Something I recently noticed is that when I tell different people "I love you", either written, spoken, or just thinking it; my heart feels different sensations depending whom the words are directed at. Realizing this actually helped me to understand that I have romantic feelings for women. For example when I thinking of telling my guy best friend that I love him, my hear feels lighter, I feel happy, and I don't assume a romantic connotation with the word. However, I have a difficult time telling my some of my close female friends "I love you." (this makes more sense now that I've realized I have crushes on two of those friends :redface:) I automatically assume that love has a romantic connotation when it is directed at women. It's like a mental reflex, almost subconscious. When I write "love, Tardis" on cards to my female best friends my heart feels heavier, with a slight sensation of butterflies. Even a year or two ago when I was closeted to myself the word "love" felt extremely weighty and vulnerable when I wrote it on my best female friend's cards. I always mean it when I say I love you. But when it is directed at some people the word has happy childlike innocence, yet towards others it feels like my entire soul is being poured out in ink as I inscribe the letters onto the paper. Anyone else ever feel this way? If so did it help you understand who you have feelings for?

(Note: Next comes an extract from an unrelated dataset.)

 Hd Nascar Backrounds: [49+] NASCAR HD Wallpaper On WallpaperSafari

Sort of. I can't remember the last time I said the word love, but with one close friend, she constantly tells me that she loves me, and I say it back, but it feels so fucking awkward you don't even know. I usually cower out and just say, "Me too" or "Same." Just thinking about it makes me feel embarrassed. Fuck. But, I also write sappy romance stories. You know, to quell my pathetic loneliness. These stories are always about men, and when the main character says "I love you" to his romantic interest, I do, indeed, feel a little flutter in my chest. That's how I knew I was romantically interested in guys. By my own pitiful storytelling. Oh, boy. That takes desperate to a whole 'nother level. :lol: Haven't tried it with ladies, although, I never really had to desire to write a story about them. Sorry.
I can't imagine myself saying "I love you" unless i was in a long term proper relationship. I just know id fret about it and read into peoples reactions to much and I know a lot of girls at my school say it to each other all the time but I know if I said it they would wonder if I meant it in a romantic way. So I stay away from the phrase (unless i'm being sarcastic, which is too often0.

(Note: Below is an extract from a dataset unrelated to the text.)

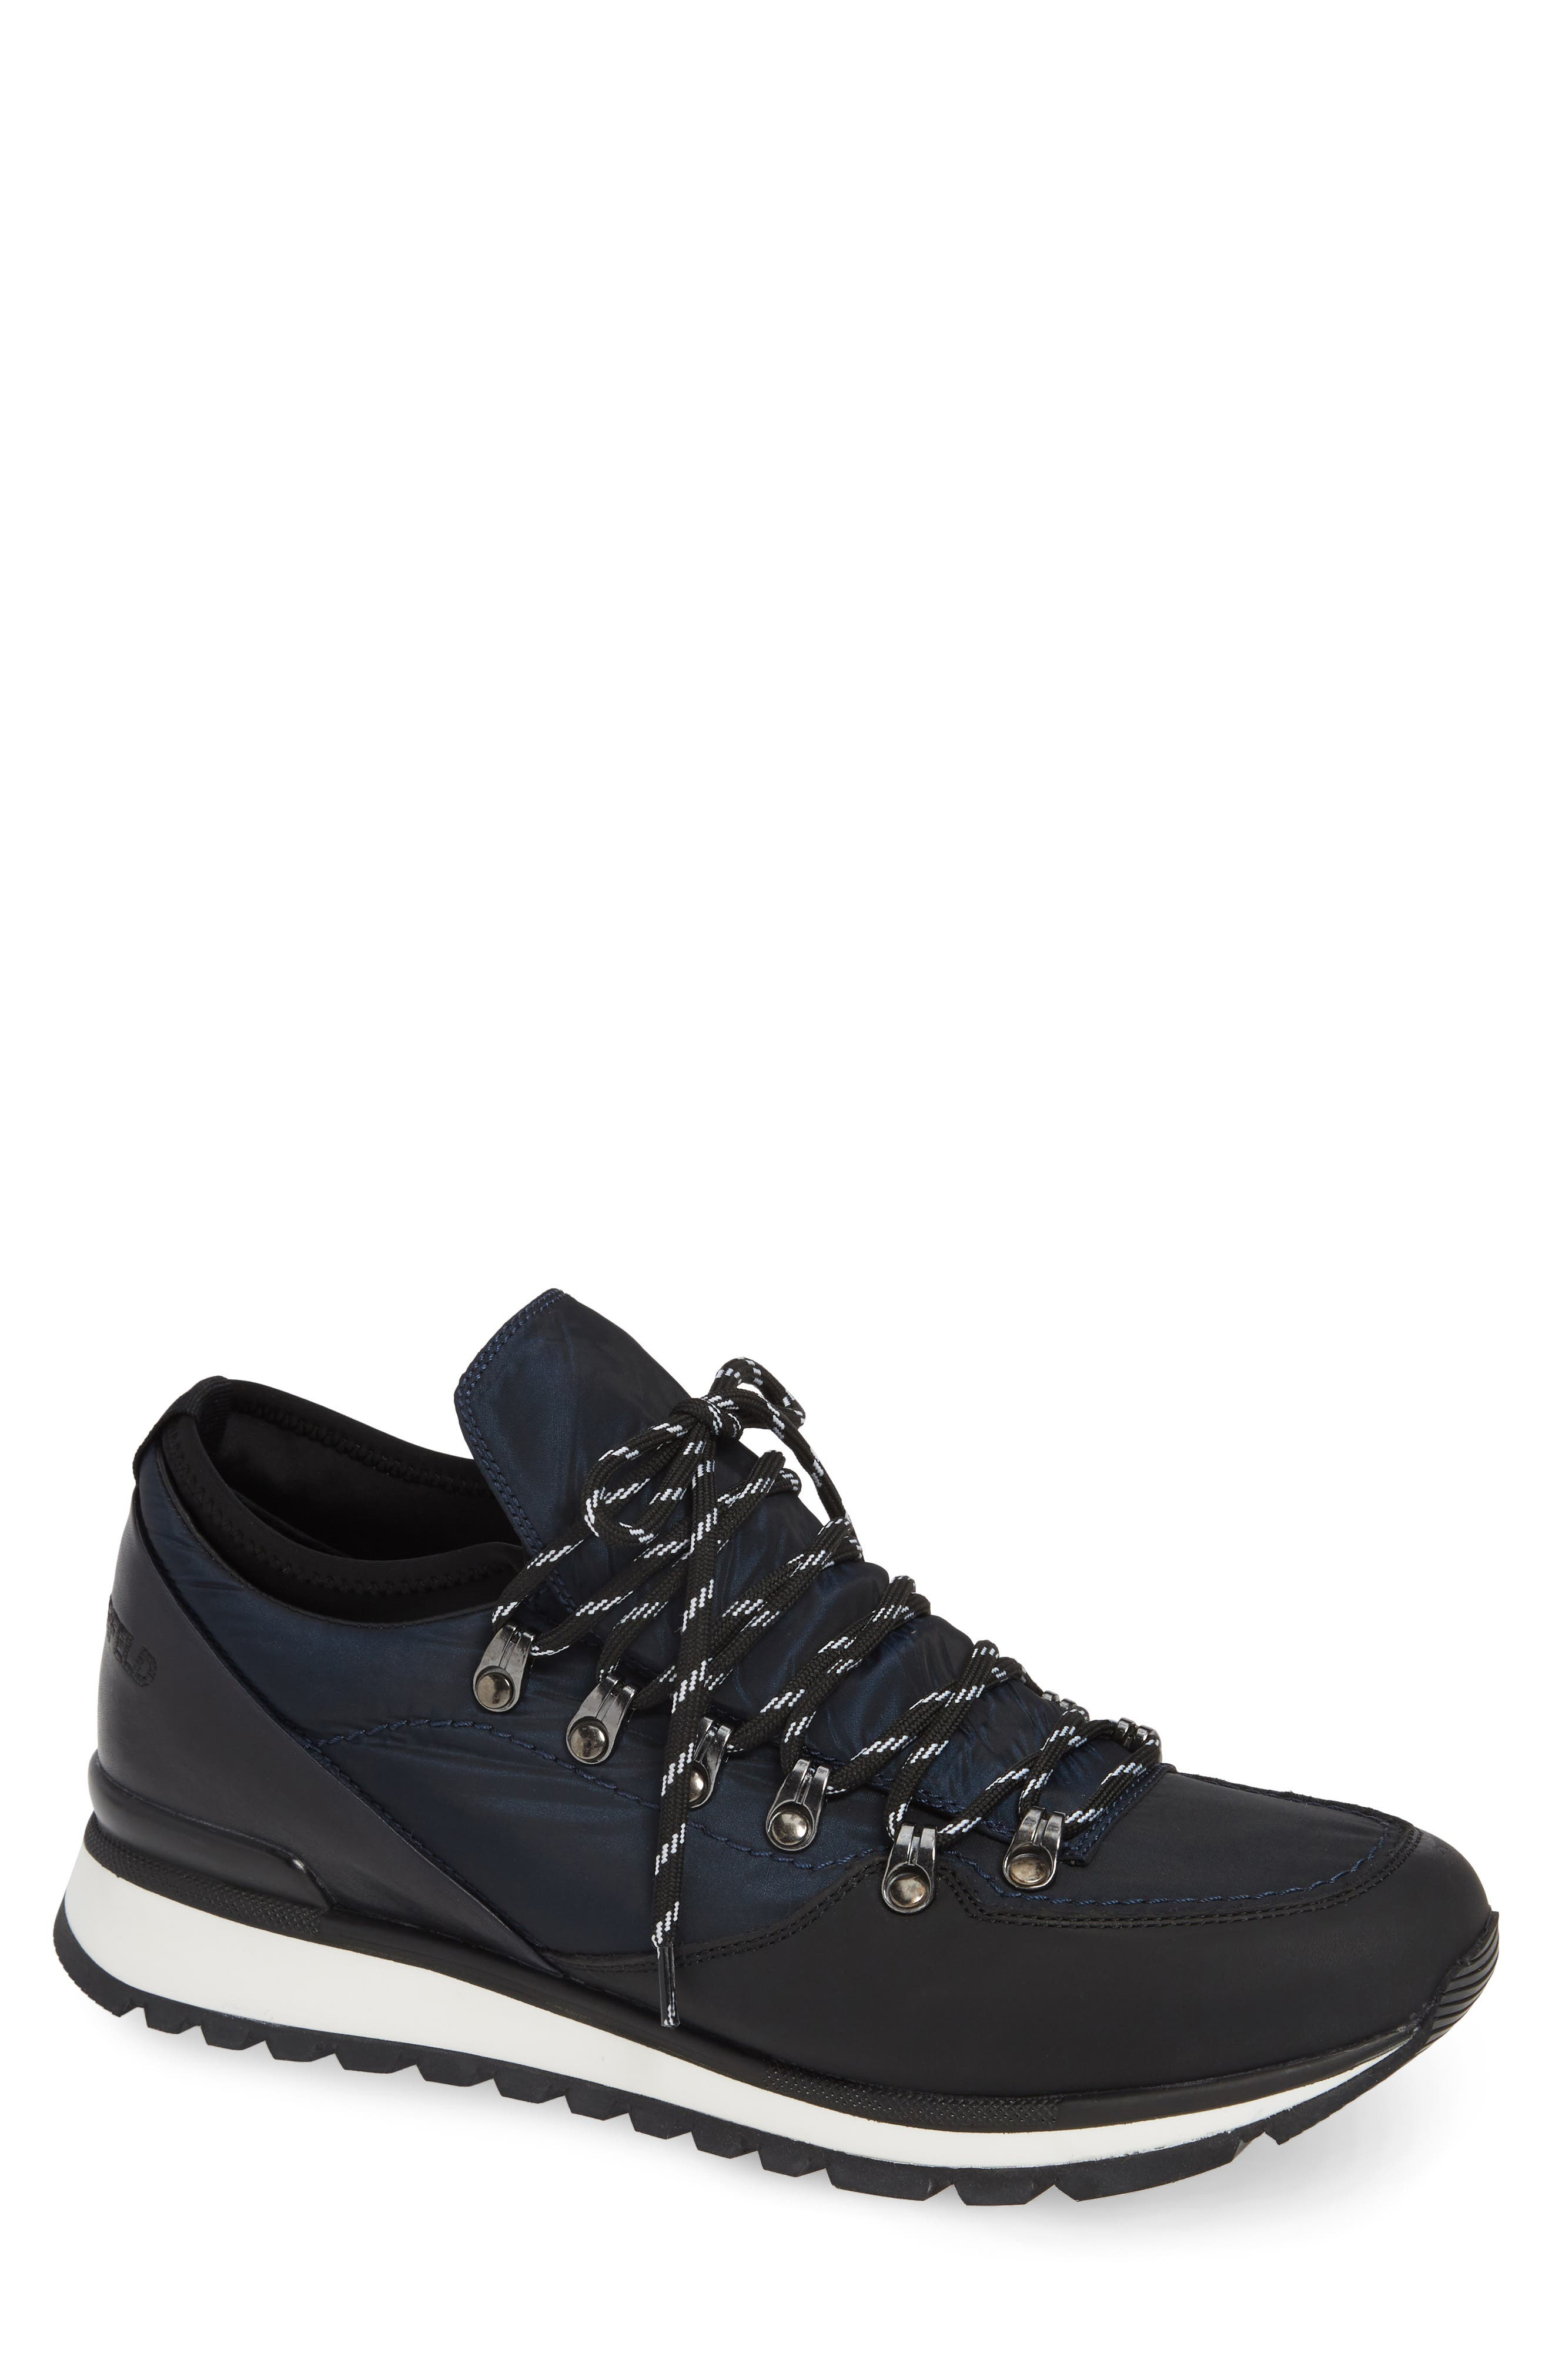 Low Top Hiker Sneaker,                             Main thumbnail 1, color,                             NAVY

I've never loved someone in the romantic sense, and neither have I said so. I suspect I'd be hesitant to say it, and I'd attribute quite a high weight to it, if I ever said it. I wonder, though. Infatuation seems to change people's attitudes, in a largely obnoxious and illogical way as far as I'm concerned.
I kinda know what you mean. I have a crush on my bff, and whenever she says 'I love you,' in a completely innocent way, I feel like my heart might explode and have a hard time responding.
I don't have to deal with that fortunately (I'm mainly friends with guys, too gay to say i love you, might challenge they're heterosexuality... they cant be having that). But there is this guy i have HUGE crush on and everytime he shows the tinniest bit of affection my little heart speads up two speads. I can only imagien what its like for you :/ <3
i have a lot of kinds of love but romantic, it is a mystery, to romantically say i love you, it will take a couple days of panic preparation and may not happen, but my family i love a lot in a family way to love them is easy
yes, i also feel like this i feel its easier to say it to women and family members, but with guys i feel its hella awkward i hate that, would feel like i would be very vulnerable and naked if i did it to a guy i like
I think I've never been in love. Like really true love. Once I was kind of close but no. To say I love you is the last step to confess and accept love. I never told my friends I would love them cause I dunno, i just don't say that to friends. I say sth like 'you're important to me' but love is a different thing here. I also never told my mom I would love her'. There's a german term that's similar but not the same. I tend to say that.
I think the moment you start saying I love you, it becomes a reflex which takes minimal amounts of thought and effort to express as well as an expectation from the other person from that point on. I have people that I love, but rarely ever will I tell them that I love them. I prefer more genuine expressions of those feelings such as doing things for them that reflect them. After all anyone can say those 3 words and mean nothing by them. If you truly love someone unconditionally then you both know and feel that without needing to tell each other all the time.